Although the instructions above are written with Apache log
files in mind, they apply to Squid logs as well. The only difference
is that Squid has no document root directory, so you will have
to create a new directory for the report. This could be under the
root directory of your webserver, so that the report can be viewed
by anyone. If so, the name of the Unix user who owns the webserver's
HTML files should be entered in the
Run webalizer as user field.
Generating and viewing a report
Once you have set the options for a report, actually generating
it is simple. Just follow these steps :
- On the main page, click on the name of the log file for which the report is being generated.
- Hit the Generate Report button at the bottom of the form. A page showing the output from Webalizer as it is run on each of the log files will be displayed, so that you can see any errors that occur. This can take a long time (perhaps hours) the first time a large log file is processed, as a reverse lookup must be done for every client IP address in the file. Fortunately, the actual CPU and network load generated is minimal.

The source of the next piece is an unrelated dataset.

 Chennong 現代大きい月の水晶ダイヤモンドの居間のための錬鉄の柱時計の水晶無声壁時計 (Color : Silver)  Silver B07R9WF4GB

- If all goes well, the report's HTML pages will be created in the destination directory. To view it, click on the View completed report link below the output.

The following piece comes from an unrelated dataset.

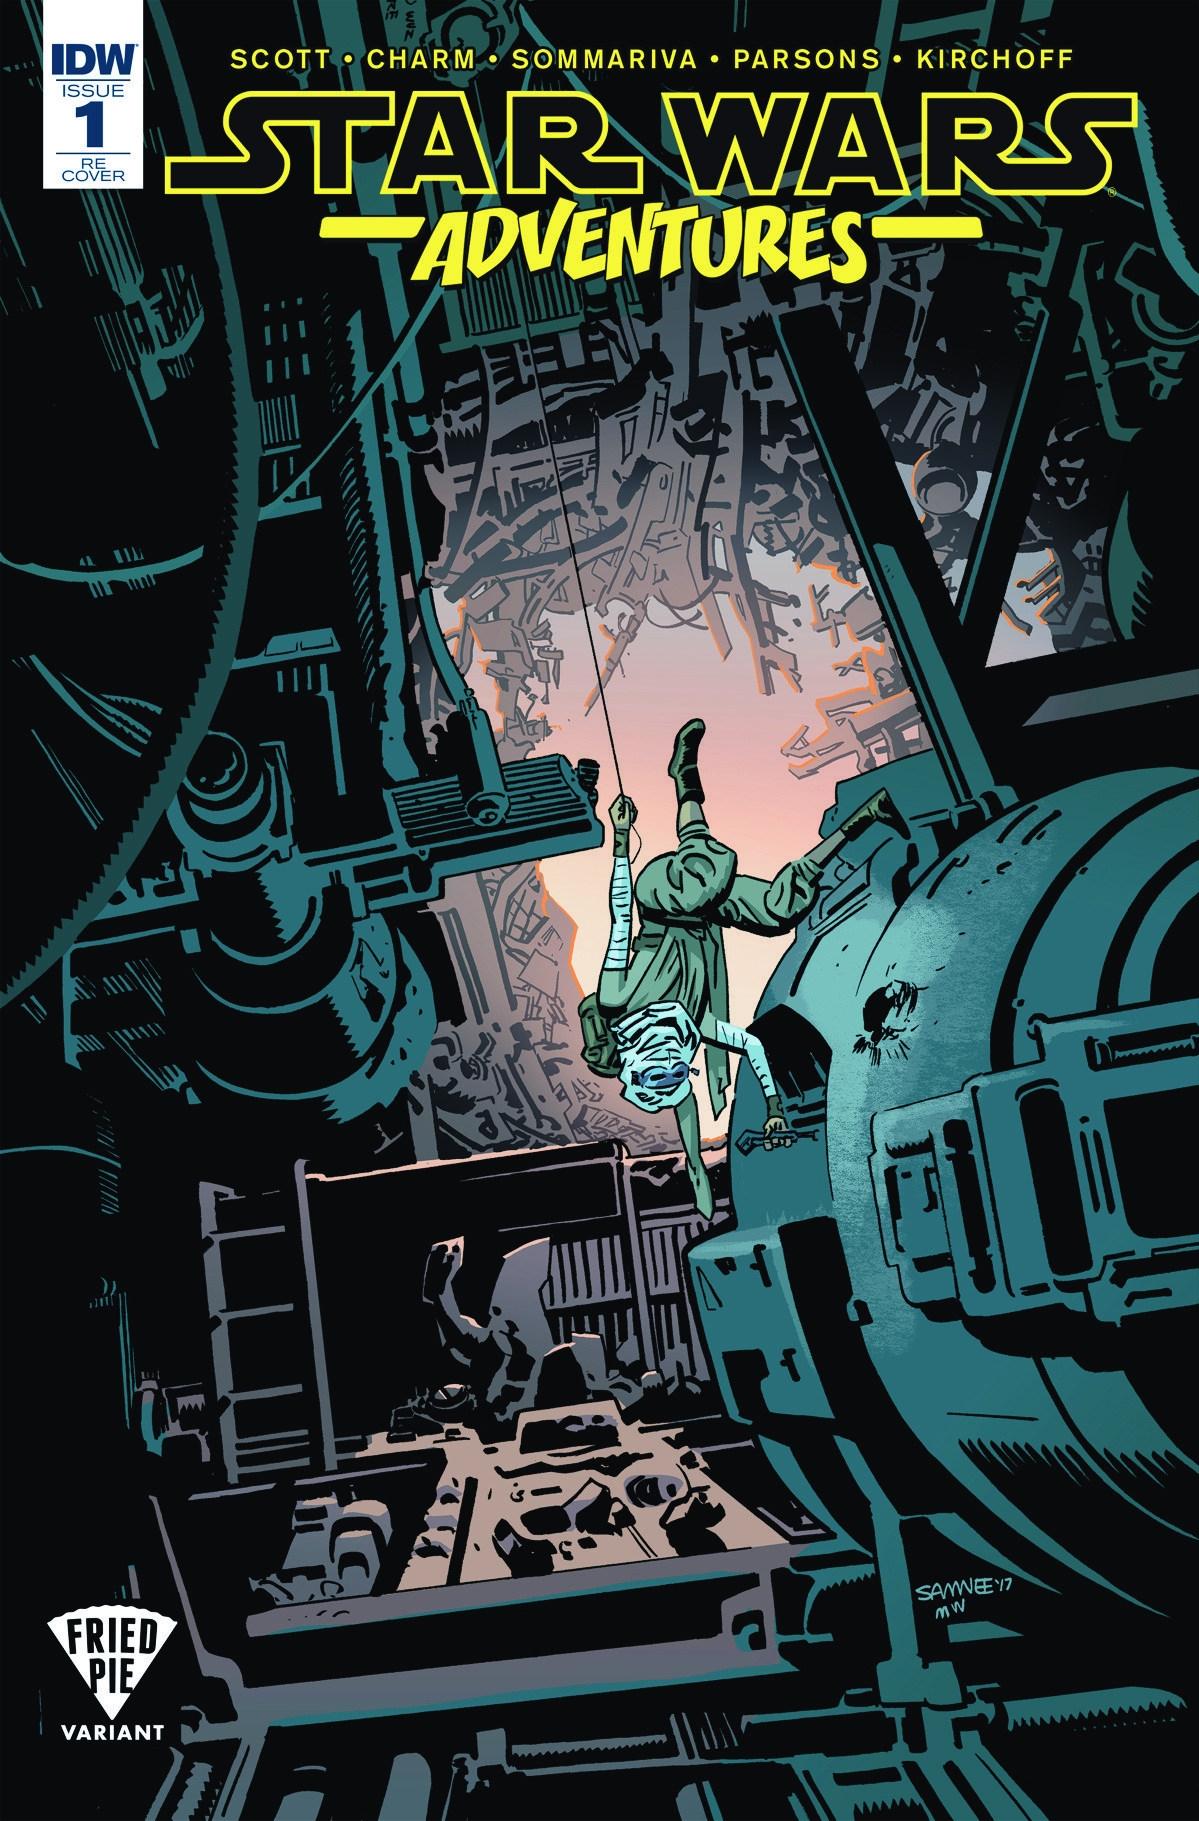 Star Wars Adventures #1 (Chris Samnee Fried Pie Comics Variant Cover) (06.09.2017)

- The report's first page shows a graph of hits received by the web site by month, with links below to pages containing details for each individual month. Each of the month pages shows tables and graphs of hits by day, by hour, by client, by page and by country for the site, and may also show hits by user, browser and referrer as well if that information is included in your log files.
- The same report can be viewed directly from the module's main page by clicking on the View link in the Report column for the log file, or by hitting the View Report button on the log file options form.
Reporting on schedule
Instead of generating a report from a log file manually, you can
use this module to set up a Cron job that runs Webalizer on a regular
basis. Generally, a report should be refreshed every one or two
days, depending on the size of the log file. Because some large
logs take a long time to process, refreshing too frequently (such
as once per hour) could cause multiple Webalizer processes to
be run on the same log file at the same time, which will corrupt
the resulting report.
It is generally a good idea to generate a report for the log file
from within Webmin at least once before setting up scheduled
reporting, so that you can see if it is really working or not. Once
you have done that, follow these steps :
- On the module's main page, click on the log file's name. This will bring you to the options form show in Figure 39-2.
- Change the Scheduled report generation field to Enabled, at times chosen below.
- Select the times and days on which the log file should be re-processed from the Minutes, Hours, Days, Months and Weekdays lists below. For each, you can either choose All to have the report generated every minute, hour or whatever – or you can choose Selected to have Webalizer run only at the times or dates selected from the list. To select multiple entries, hold down control or shift while clicking. You can also control-click to de-select entries that have already been chosen. By default, the log will be processed at midnight every day. If you have multiple reports that are being generated on schedule, try to stagger them so that they are not all run at the same time. For example, in your second report select 1 as the hour instead of 0 and so on.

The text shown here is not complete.